The governor’s proposal also aimed to allow all workers to return to their original positions, no strings attached.

“Neither of those scenarios would have been allowed under the current contract,” said Cynthia Montgomery, chief counsel in the state’s Office of Employee Relations and one of the administration’s union negotiators.

At the heart of the disagreement is whether the union’s current contract with the administration was adequate to meet the mutually agreed upon goals of navigating the damage created by the shutdown, that all laid-off workers be put back in their original positions and provided back pay for hours lost.

The two sides had been negotiating while gridlock in D.C. continued, and had even agreed to a tentative deal for enduring the shutdown with as little impact on state employees as possible. But when the shutdown ended, those conversations fell apart.

The union said that with the shutdown over and federal money flowing once again, the current contract would provide a path back to normalcy. The administration said a supplemental agreement was still necessary because the current contract would not have allowed each worker to go back to the job they held before they were laid off.

That’s because state employees with seniority have something called “displacement rights.” Those rights allow an employee with seniority who is affected by a layoff to “bump” a less-senior employee out of a job the worker targeted by layoff previously held. The bumped worker then takes the layoff instead.

The mechanism of the contract would not allow for a clean reset, the administration said, and would have left more than 20 employees in different jobs than they had before the shutdown. It put forward a proposal that would have allowed for that reset, but the union on Thursday balked, saying its contract was sufficient.

With no deal in hand Thursday night, after receiving confirmation from Washington that the federal government would reimburse the workers, LePage unilaterally ordered all laid-off employees back to their original posts.

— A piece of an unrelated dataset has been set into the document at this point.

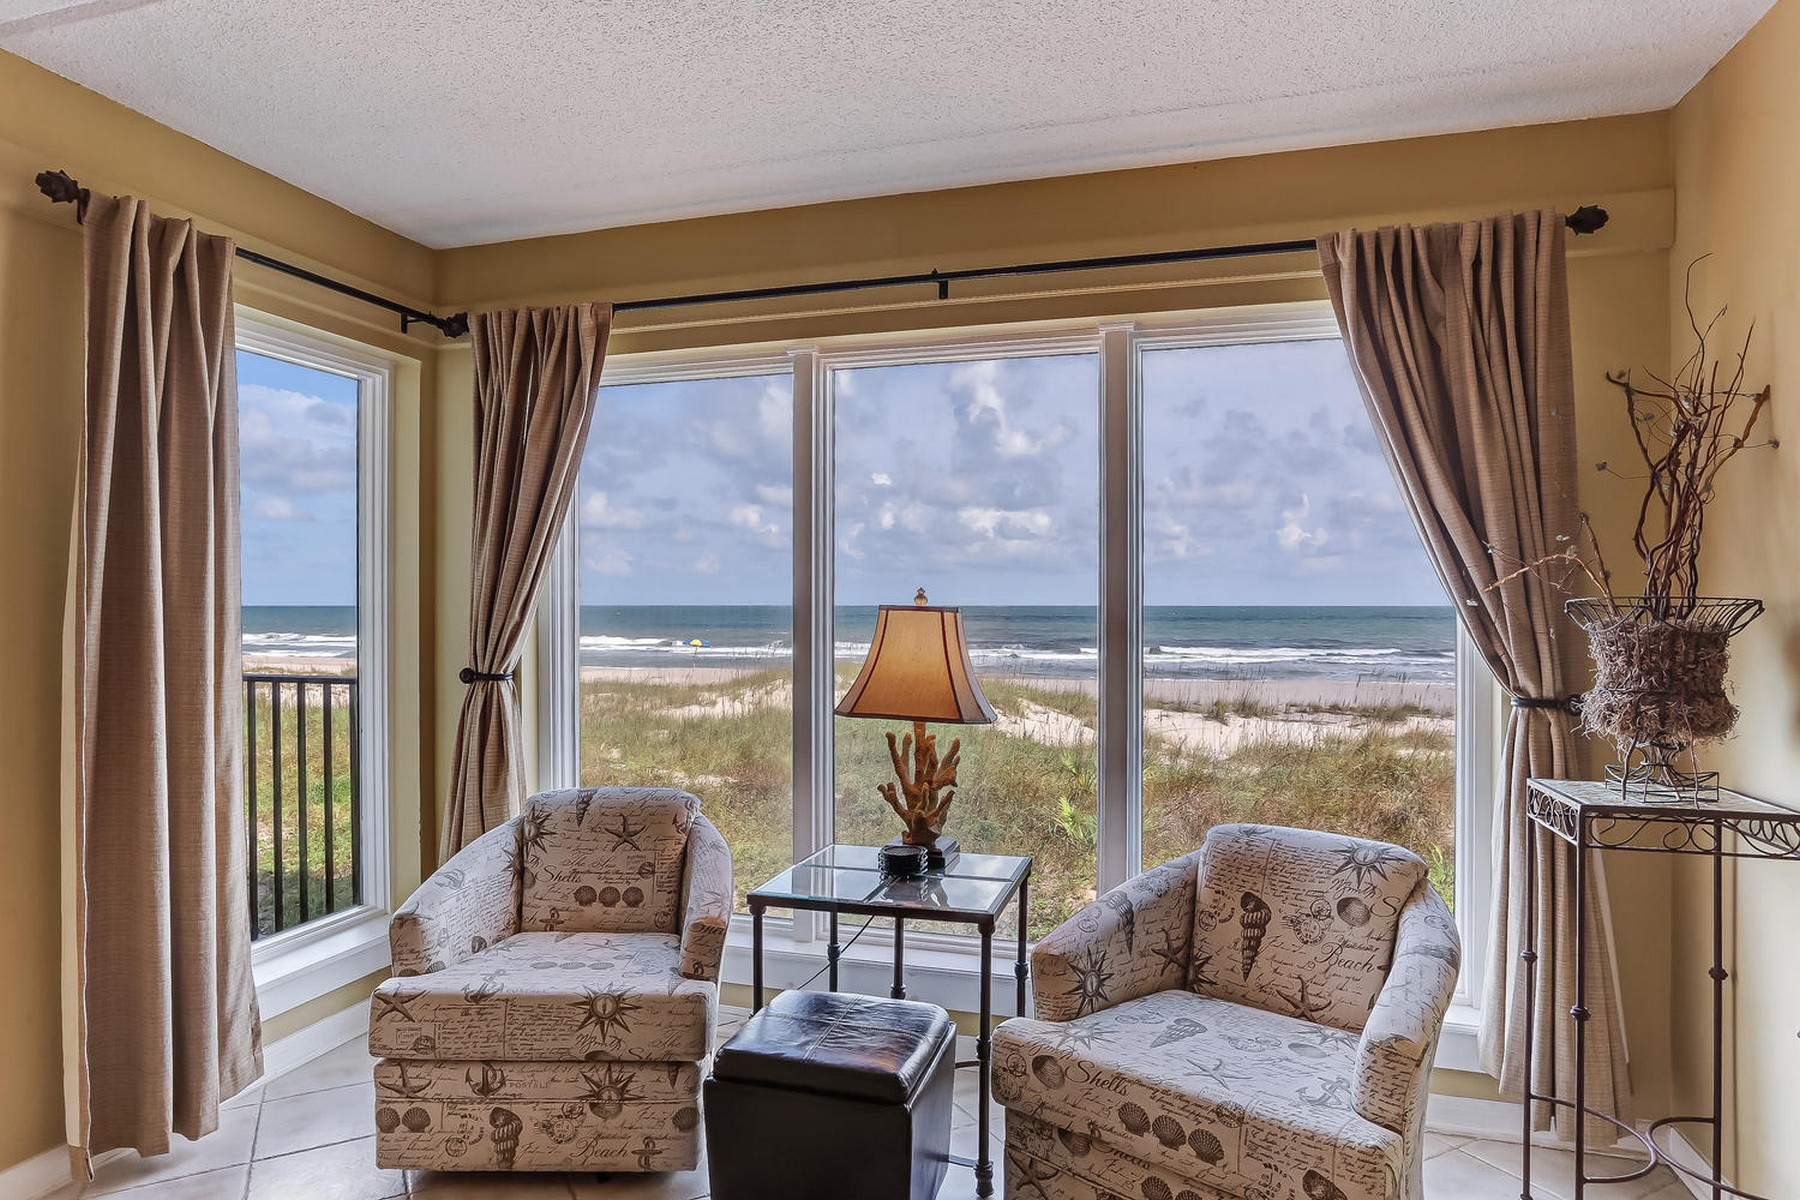 Condominiums for Sale at 382 S Fletcher Avenue Unit 112, Fernandina Beach, Florida 32034 United States

“It is unfortunate that we were unable to execute an agreement with the union, but they were dragging their feet and we couldn’t wait any longer,” said LePage.

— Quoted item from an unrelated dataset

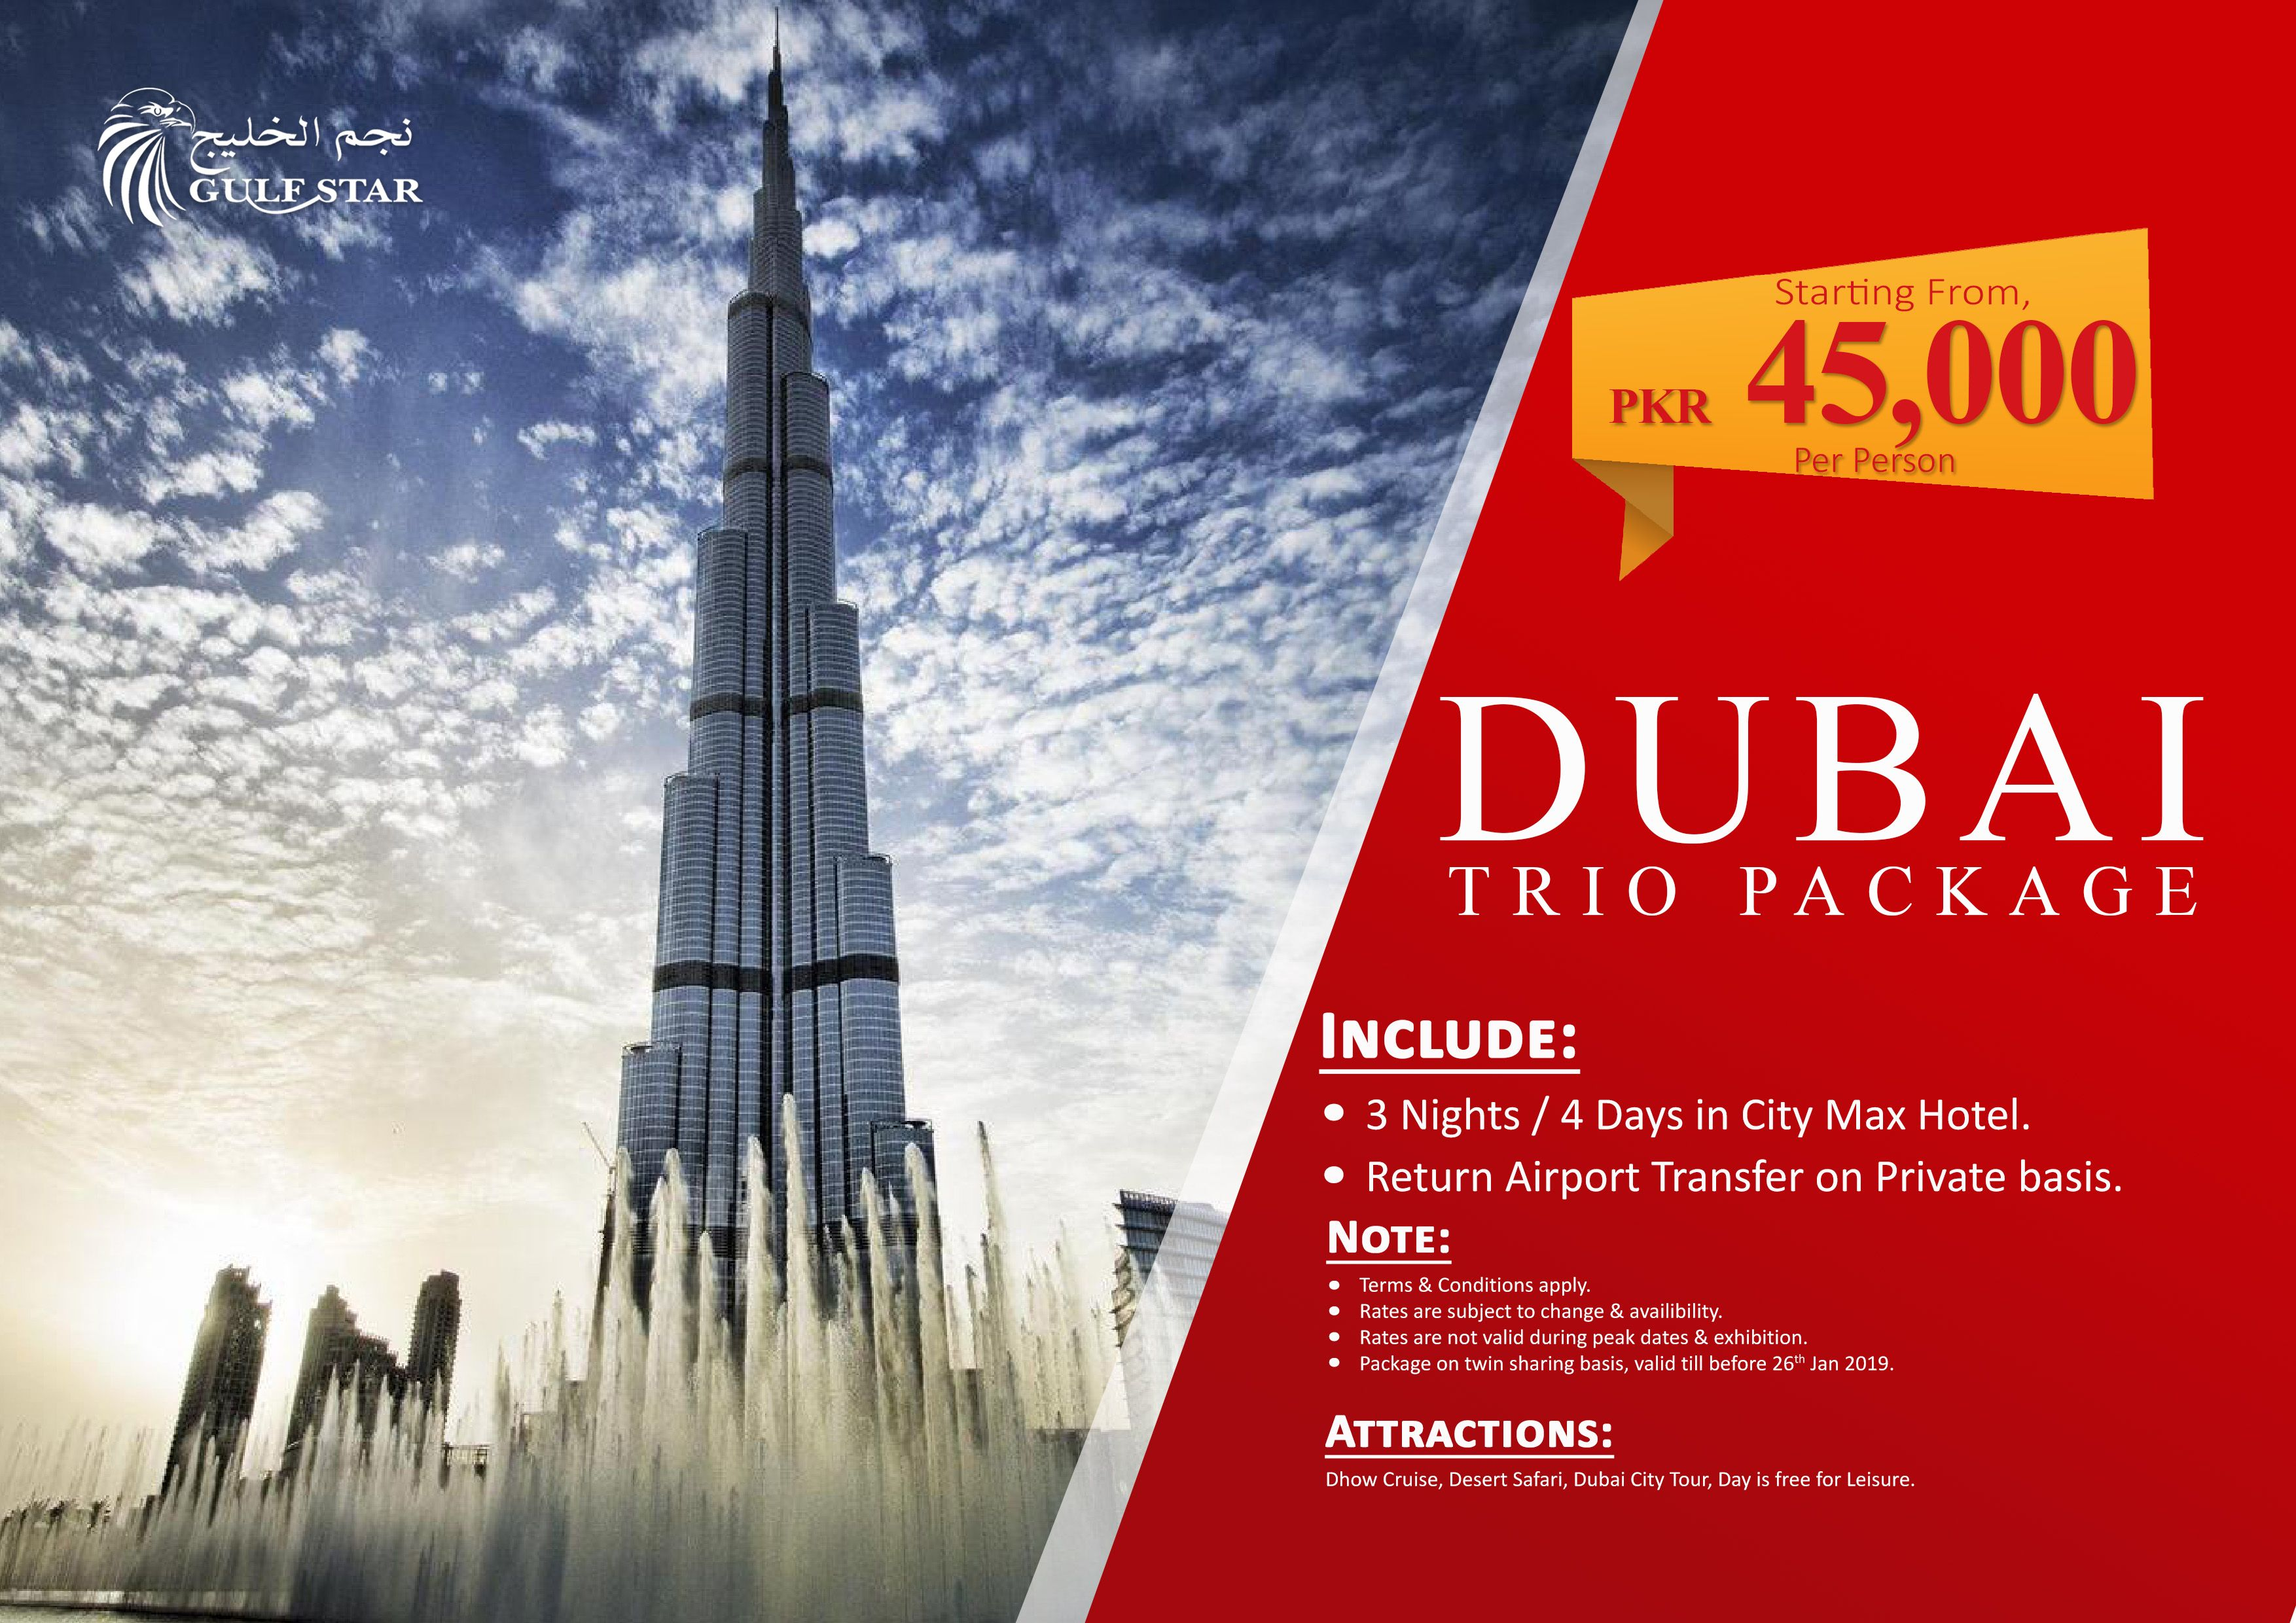 Dubai Trio Package*** In Just

About 100 state employees whose jobs are funded by federal dollars had been laid off during the shutdown as a result of federal revenue streams drying up while congressional leaders jockeyed for a deal to fund the government.

Amid all the murky details and suspicion from both sides, a question emerges: If the LePage administration says the union contract did not allow for a clean reset, with all laid-off employees returning to their original posts, did LePage violate the contract by ordering that very reset on Thursday?

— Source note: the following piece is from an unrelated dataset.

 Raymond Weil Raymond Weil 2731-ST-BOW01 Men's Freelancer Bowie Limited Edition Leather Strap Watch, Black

“To say it’s a violation is to draw a legal conclusion that I’m not prepared to draw,” Montgomery said. “But at the time [Thursday] when the governor looked over things and said it was best to put people back, we knew at that time that MSEA was not going to object to that.”

When asked whether the back-to-work order took place within the confines of the union’s contract, Quint demurred.

“We hope so,” he said.

LePage and the MSEA, which represents about 15,000 public- and private-sector workers, have had a contentious relationship since the governor took office in January 2011. The union worked without a contract from July 2011 until agreeing to a new deal this year. It also filed a complaint — since dropped — against his administration with the Maine Labor Relations Board and has clashed with him over his advocacy for so-called “right to work” policies.